08 May 2011

A salute to the parents

It's Mother's Day today. But it's also May 8, which is 어버이 날 (Parents' Day) in Korea.

It's customary for children to give carnations to their parents on 어버이 날, and I remember making paper carnations at school like these kids, for my parents and grandparents.

I haven't done that since we moved to the States sixteen years ago, though, and I haven't seen either of my parents in May since I graduated from high school seven years ago. I suppose it's an inevitable part of growing up, but it feels odd to realize it.

My mom still treats me like a kid for the most part when I'm home, but she did have a mild freak-out moment during my spring break when she realized that she got married at my age... and had me a year later. In other words, she is now old enough to be a grandmother!

Don't worry, Mom, you look much younger than your age. And I'm certainly not planning on getting married or having kids anytime soon, even if quite a few of my friends have jumped on that bandwagon recently.

So! A happy Mother's/Parents' Day to all you mothers/parents out there! You all are amazing people.

엄마, 아빠, 고맙습니다! 사랑해요~~! ^^

Avocado-Lemon-Coconut Cake
Adapted, appropriately enough, from Korean American Mommy.

This recipe uses avocados instead of butter. Thus it is imperative that you mash the avocados thoroughly, lest you end up with chunks of avocados in your cake.

2 ripe avocados, peeled and mashed
2 1/2 c. sugar
5 eggs
1 1/2 tsp. vanilla
2 Tbsp. lemon juice
1/2 c. sour cream
3 c. flour
1 tsp. baking power
zest of 1 lemon (minus 1 tsp. for glaze)
1 c. sweetened coconut flakes

Preheat oven to 350ºF. Thoroughly grease and flour a bundt pan.

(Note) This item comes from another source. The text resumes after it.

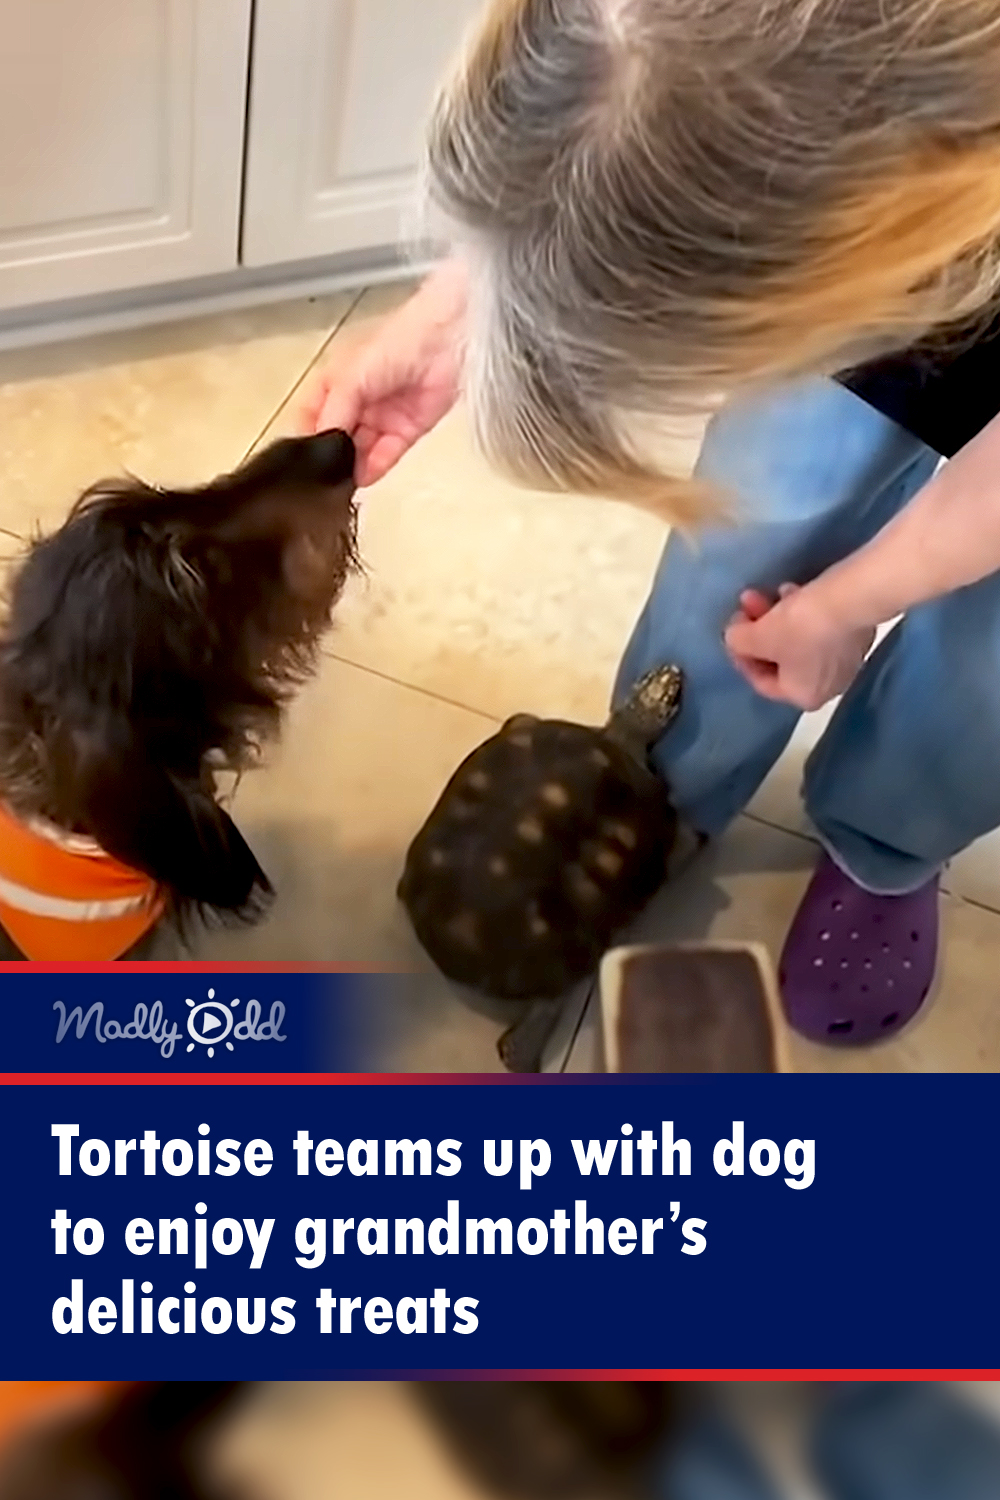 Tortoise teams up with dog to enjoy grandmother’s delicious treats

In a large bowl, sift together the flour and baking powder. Set aside.

In a separate large bowl, cream together the avocado and sugar, then beat in the eggs one at a time. Stir in the vanilla, lemon juice, sour cream, lemon zest, and coconut flakes.

Gradually add the flour mixture, mixing until just incorporated. Pour batter into prepared bundt pan and bake until done, approx. 1 hr. Cool before inverting onto a plate.

1 c. powdered sugar
3 Tbsp. lemon juice
1 tsp. lemon zest

Whisk together the powdered sugar, lemon juice, and lemon zest to form a thick glaze. Drizzle over warm cake.